My record object looks like
ItemPurchase {
String personId,
String itemId
}
The data is written to S3 looks like:
{"personId":"p-111","itemId":"i-111"}{"personId":"p-222","itemId":"i-222"}{"personId":"p-333","itemId":"i-333"}
NO COMMA SEPERATION.
NO STARTING BRACKET as in a Json Array
[
NO ENDING BRACKET as in a Json Array
]
I want to read this data get a list of ItemPurchase objects.
List<ItemPurchase> purchases = getPurchasesFromS3(IOUtils.toString(s3ObjectContent))
What is the correct way to read this data?
It boggles my mind that Amazon Firehose dumps JSON messages to S3 in this manner, and doesn't allow you to set a delimiter or anything.
Ultimately, the trick I found to deal with the problem was to process the text file using the JSON raw_decode method
This will allow you to read a bunch of concatenated JSON records without any delimiters between them.
Python code:
import json
decoder = json.JSONDecoder()
with open('giant_kinesis_s3_text_file_with_concatenated_json_blobs.txt', 'r') as content_file:
content = content_file.read()
content_length = len(content)
decode_index = 0
while decode_index < content_length:
try:
obj, decode_index = decoder.raw_decode(content, decode_index)
print("File index:", decode_index)
print(obj)
except JSONDecodeError as e:
print("JSONDecodeError:", e)
# Scan forward and keep trying to decode
decode_index += 1
I also had the same problem, here is how I solved.
replace "}{" with "}\n{"
line split by "\n".
input_json_rdd.map(lambda x : re.sub("}{", "}\n{", x, flags=re.UNICODE))
.flatMap(lambda line: line.split("\n"))
A nested json object has several "}"s, so split line by "}" doesn't solve the problem.
I've had the same issue.
It would have been better if AWS allowed us to set a delimiter but we can do it on our own.
In my use case, I've been listening on a stream of tweets, and once receiving a new tweet I immediately put it to Firehose.
This, of course, resulted in a 1-line file which could not be parsed.
So, to solve this, I have concatenated the tweet's JSON with a \n.

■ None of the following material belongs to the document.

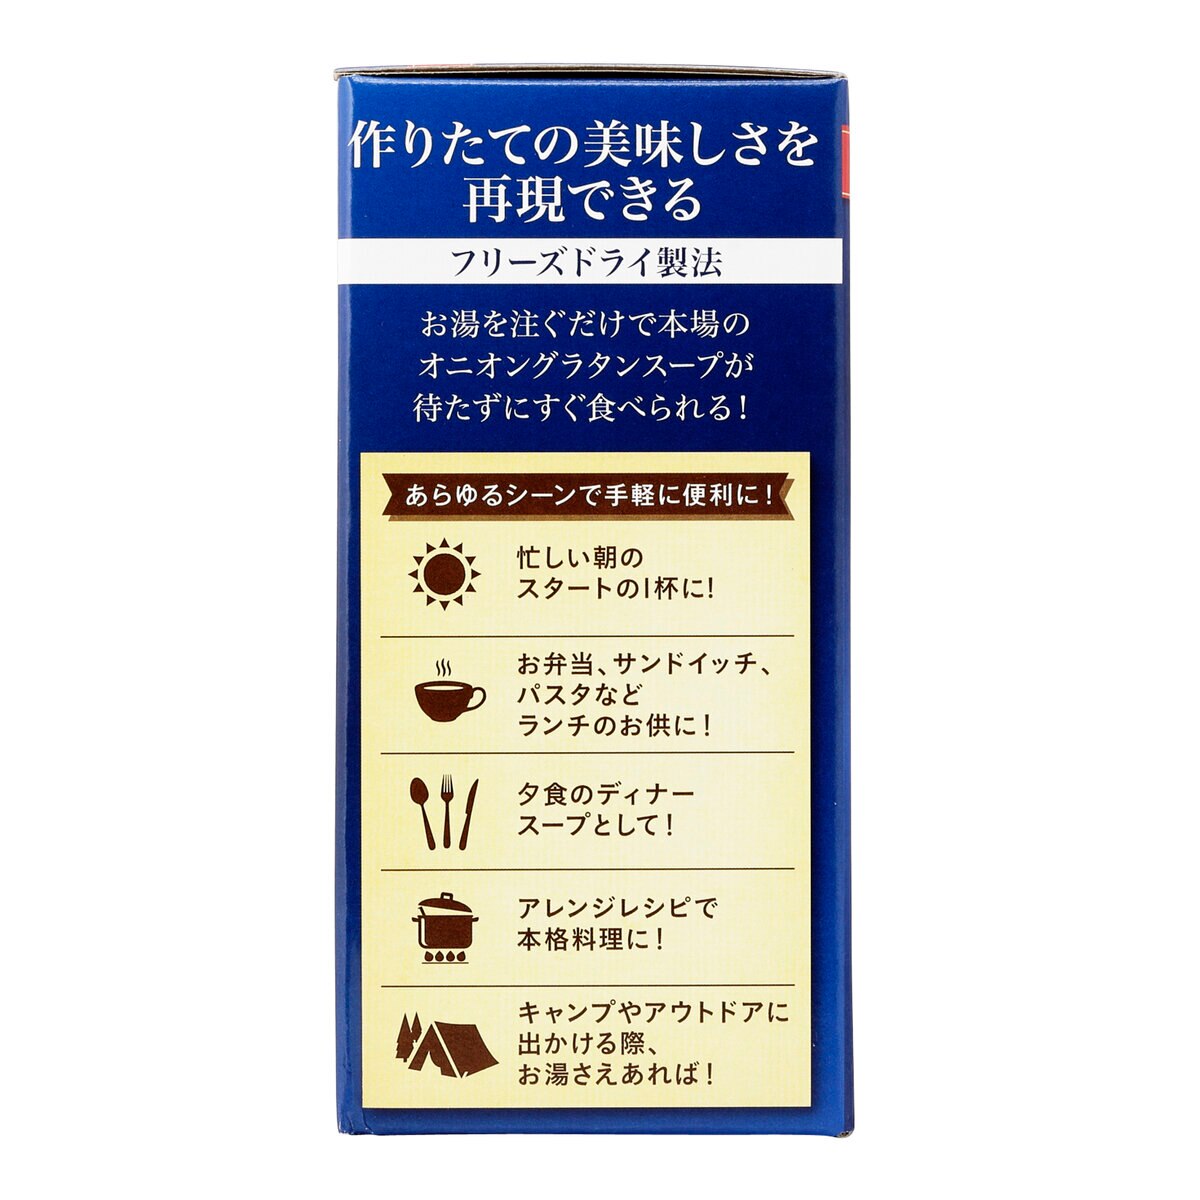 ピルボックス オニオングラタンスープ 10食 | Costco Japan

This, in turn, let me use some packages that can output lines when reading stream contents, and parse the file easily.
Hope this helps you.
I think the best ways to tackle this is to first create a properly formatted json file containing well separated json objects within them. In my case I added ',' to the events which was pushed into the firehose. Then After a file is saved in s3, all the files will contain json object separated by some delimitter(comma- in our case). Another thing that must be added are '[' and ']' at the beginning and end of the file. Then you have a proper json file containing multiple json objects. Parsing them will be possible now.
If the input source for the firehose is an Analytics application, this concatenated JSON without a delimiter is a known issue as cited here. You should have a lambda function as here that outputs JSON objects in multiple lines.
I used a transformation Lambda to add a line break at the end of every record
def lambda_handler(event, context):
output = []
for record in event['records']:
# Decode from base64 (Firehose records are base64 encoded)
payload = base64.b64decode(record['data'])
# Read json as utf-8
json_string = payload.decode("utf-8")
# Add a line break
output_json_with_line_break = json_string + "\n"
# Encode the data
encoded_bytes = base64.b64encode(bytearray(output_json_with_line_break, 'utf-8'))
encoded_string = str(encoded_bytes, 'utf-8')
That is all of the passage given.